GIVEN INFORMATION.
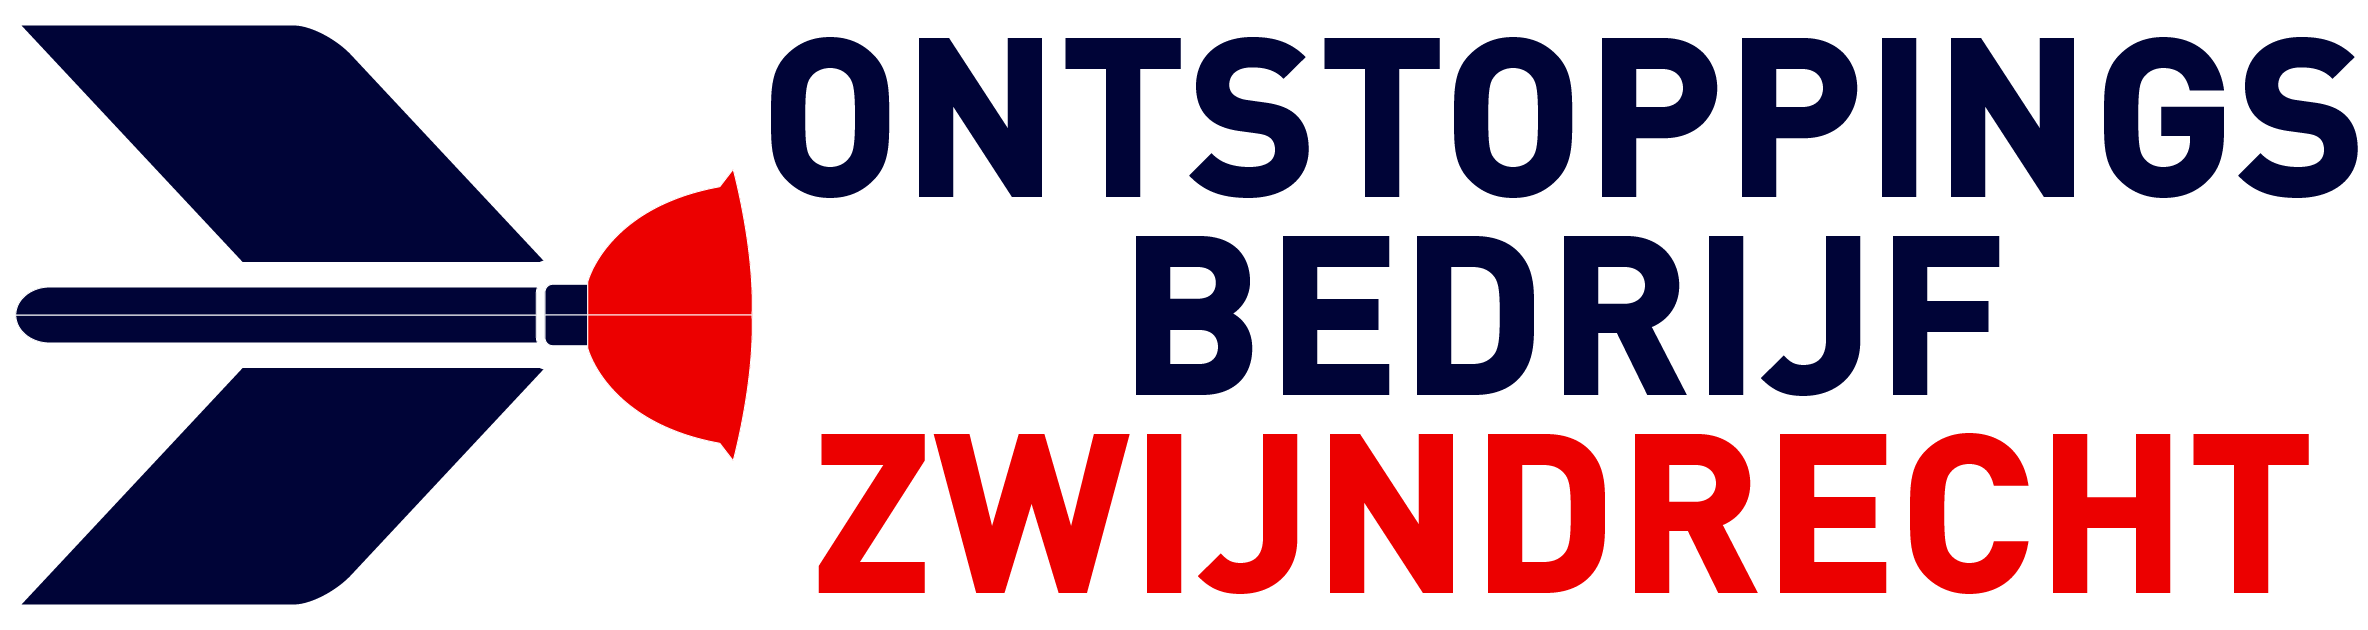 Ontstoppingsbedrijf Zwijndrecht logo
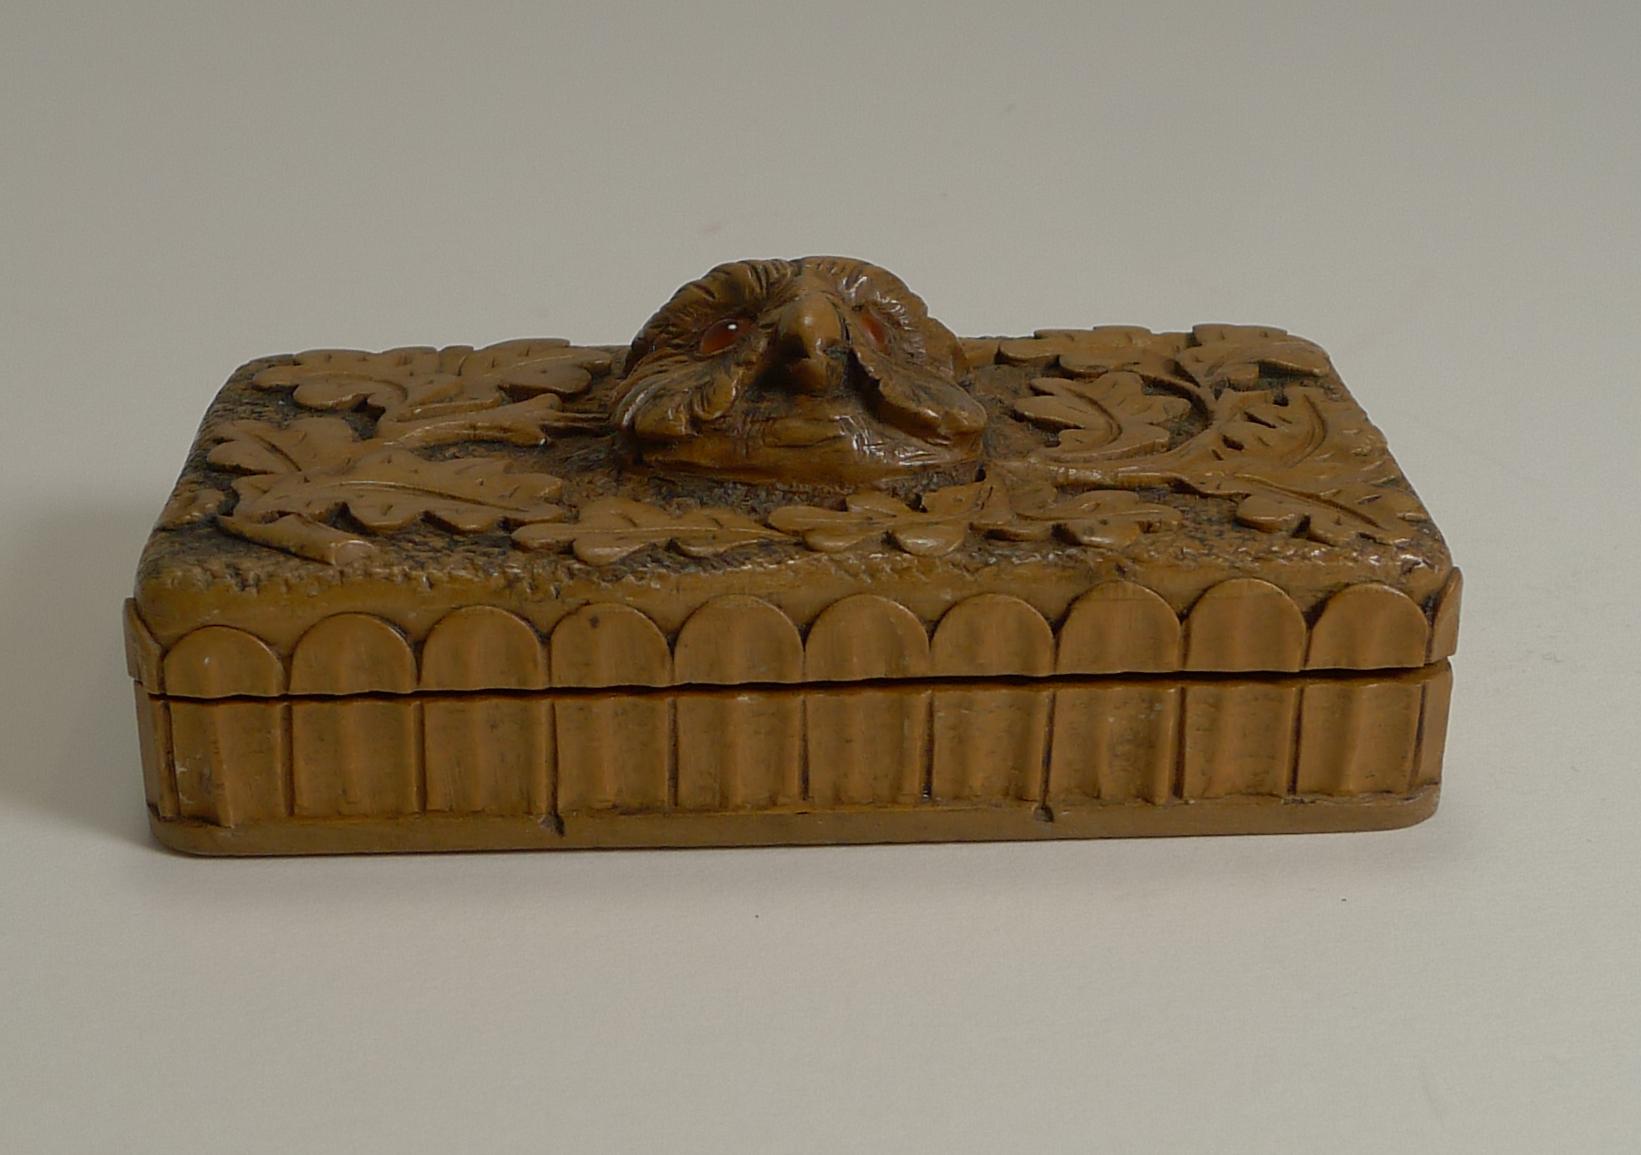 Une fabuleuse boîte de timbres-poste en bois sculpté à la main provenant de la région de la Forêt-Noire et datant d'environ 1900.

Les côtés sont sculptés mais la star du spectacle est la chouette sculptée au centre du couvercle, entourée de

EXERCISE OBJECTIVE. Would you copy out every line of the data above exactly, minus the pictures?

FINAL ANSWER.
 Ontstoppingsbedrijf Zwijndrecht logo
 Une fabuleuse boîte de timbres-poste en bois sculpté à la main provenant de la région de la Forêt-Noire et datant d'environ 1900.

Les côtés sont sculptés mais la star du spectacle est la chouette sculptée au centre du couvercle, entourée de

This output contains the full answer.